● **Data section**:

# # # #

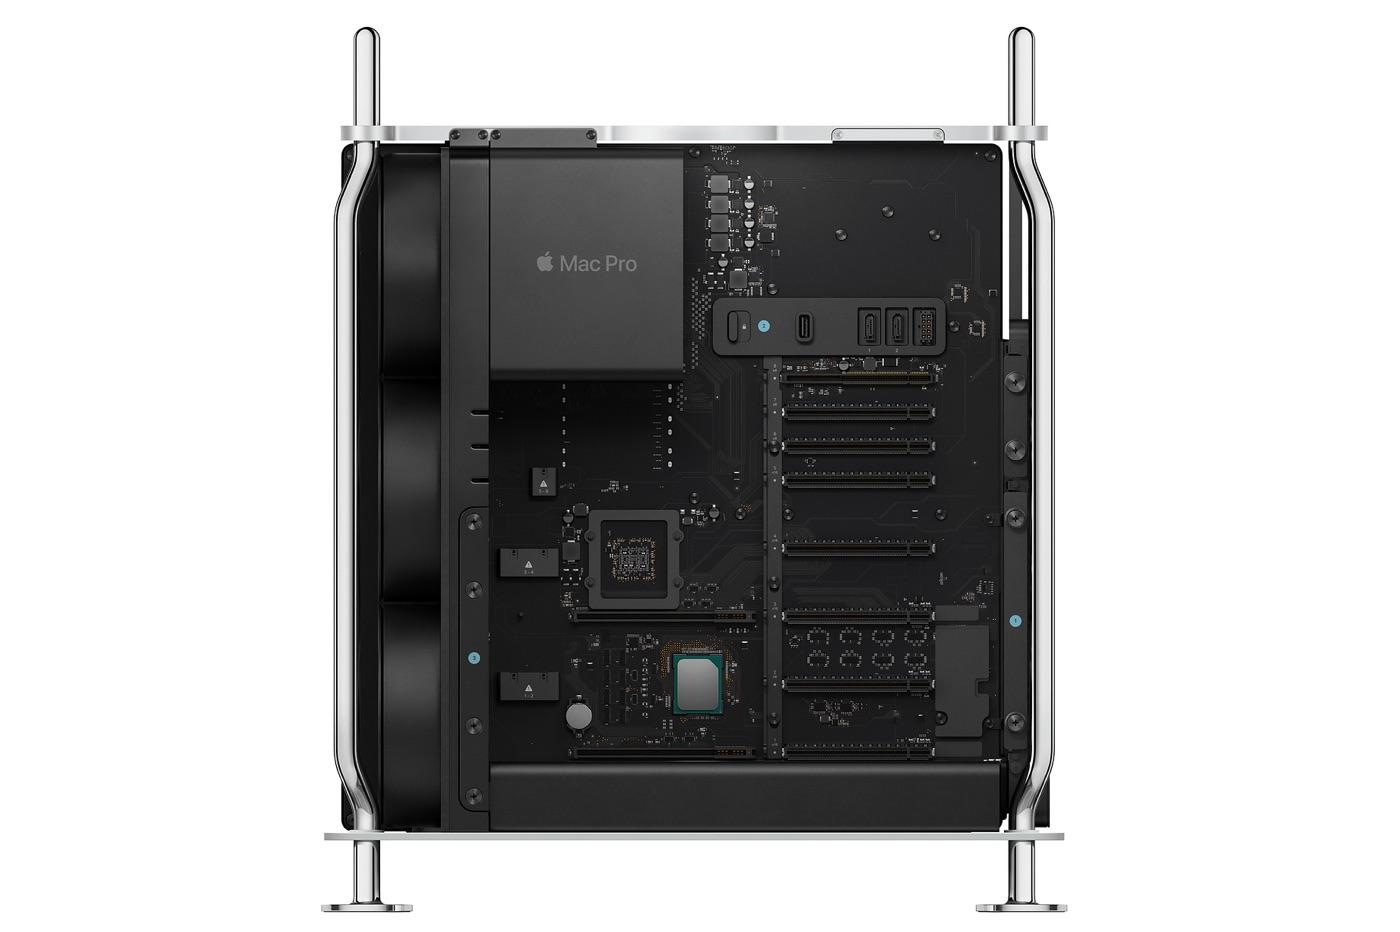 apple mac pro 2019 1 - 63 000 euros, c'est le prix du Mac Pro full option
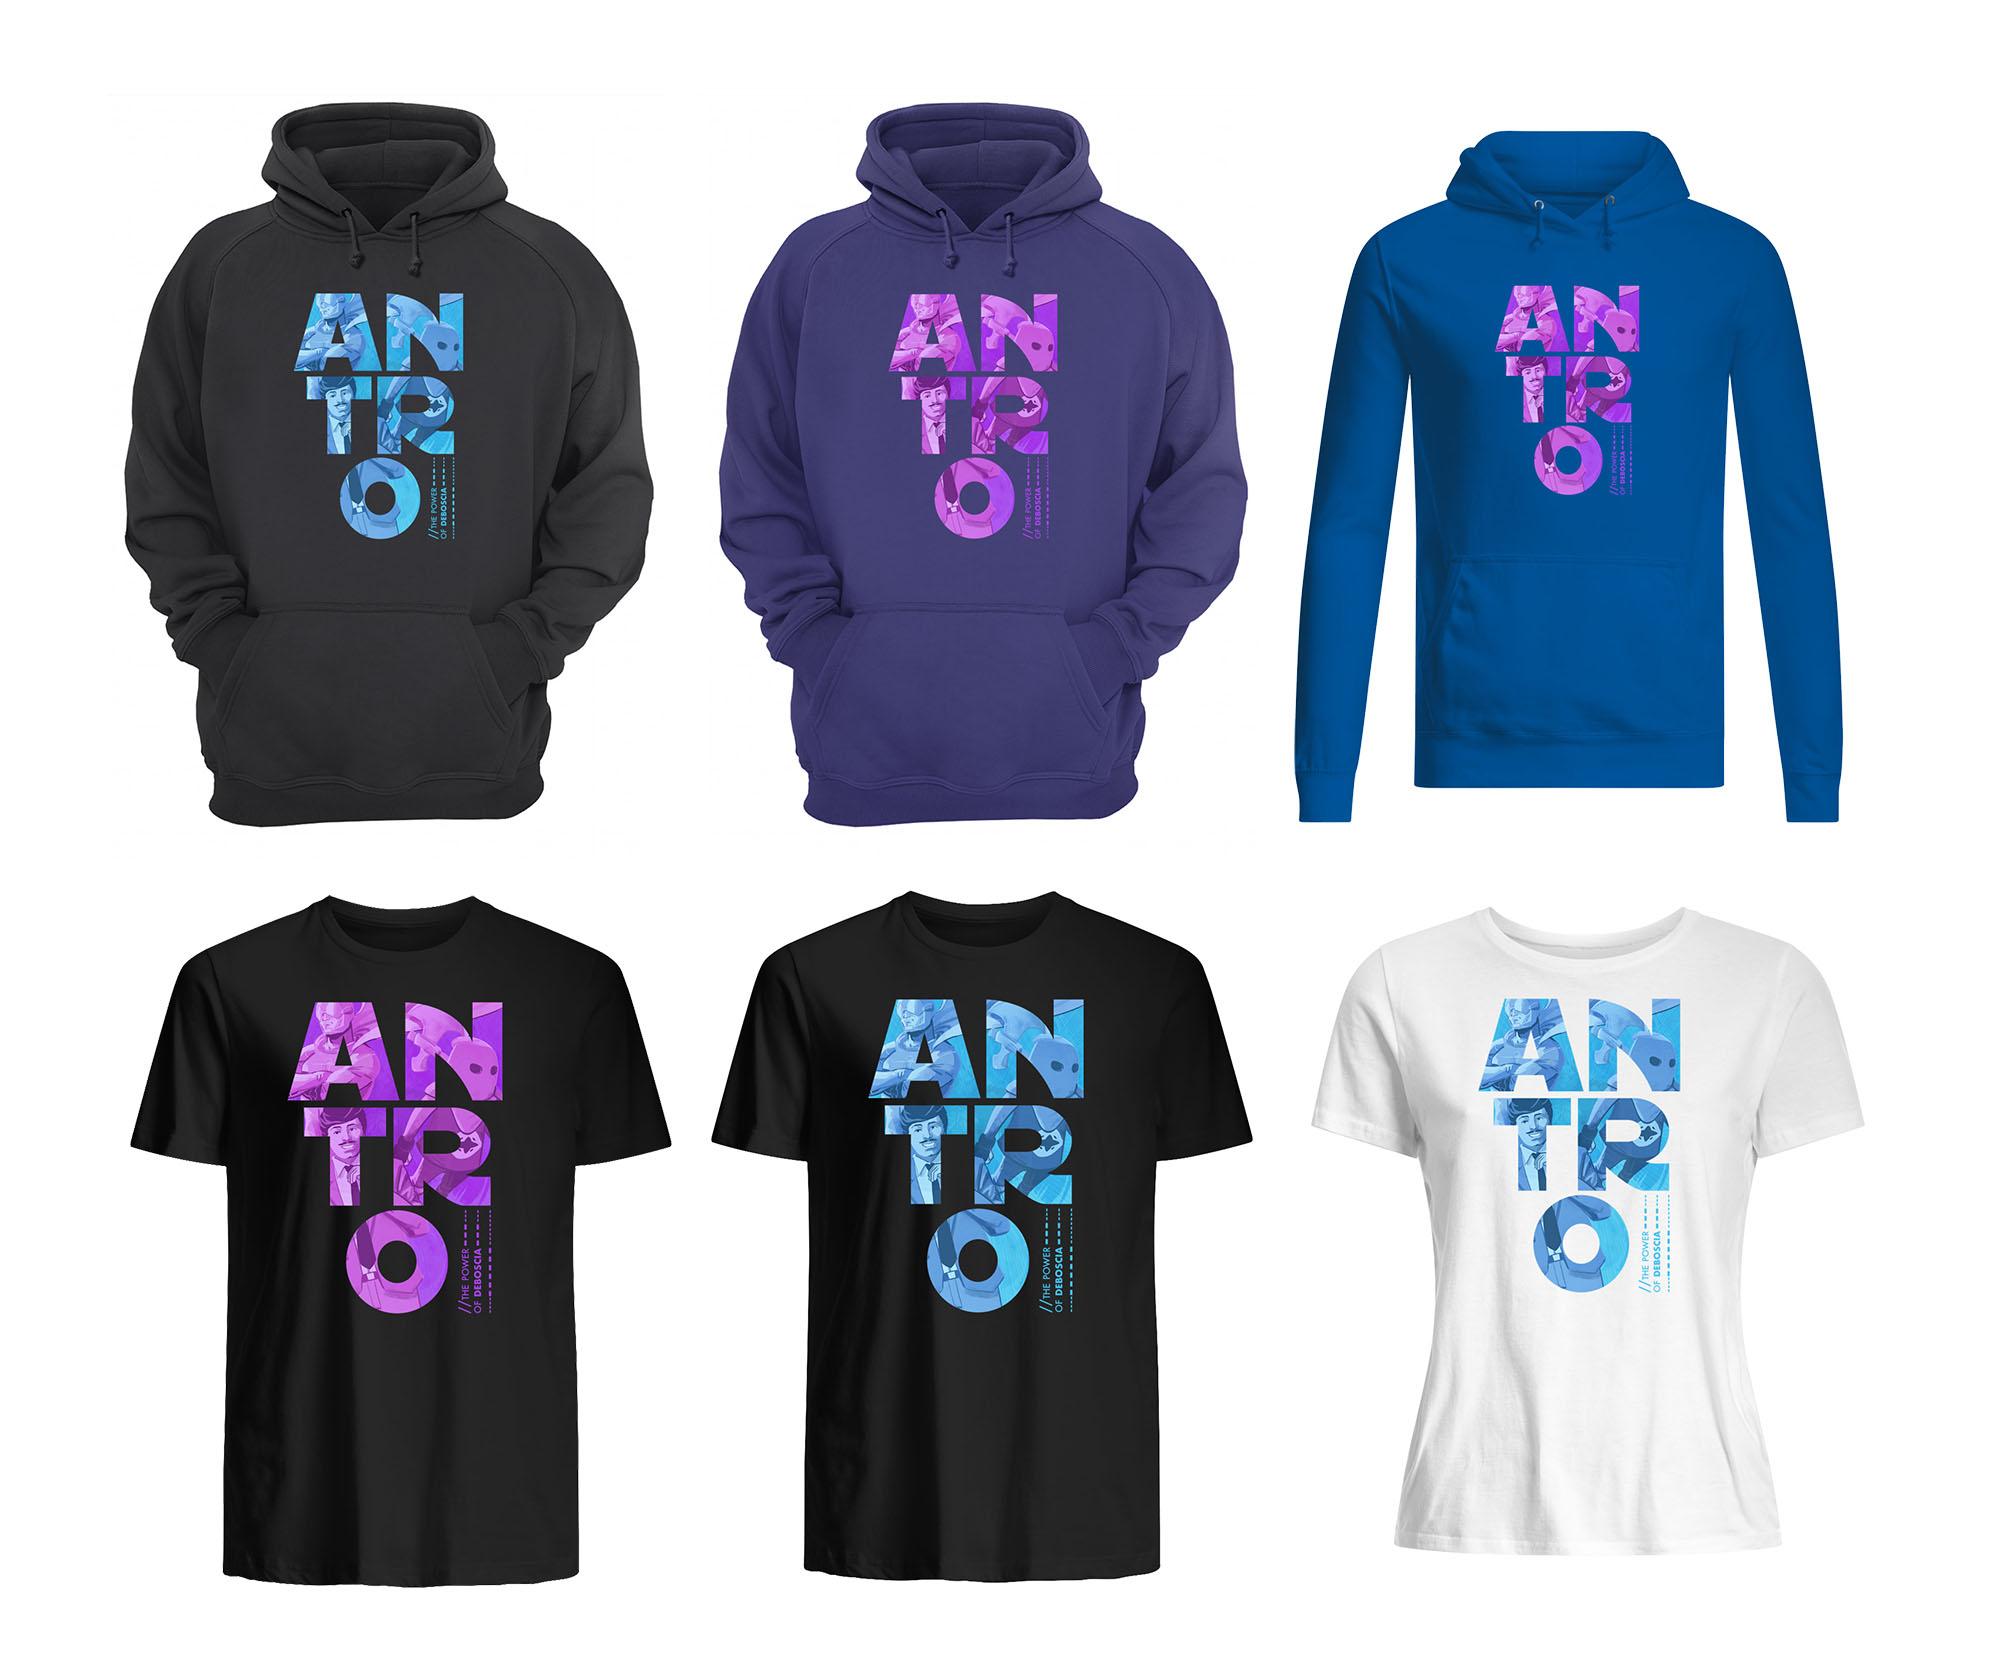 Antro Felpe t-shirt
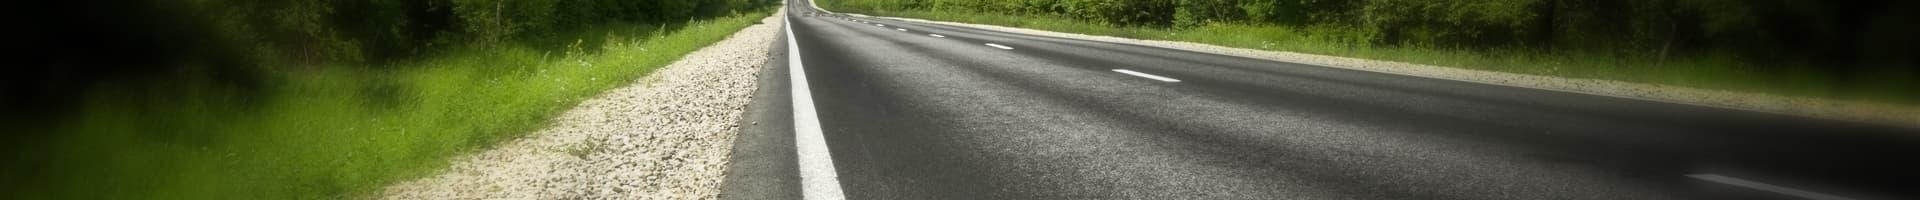 Slideground_Secondary_Highway

# # # #

● **Exercise**: Write all the lines above out again exactly, minus the images.

● **Solution**:
 apple mac pro 2019 1 - 63 000 euros, c'est le prix du Mac Pro full option
 Antro Felpe t-shirt
 Slideground_Secondary_Highway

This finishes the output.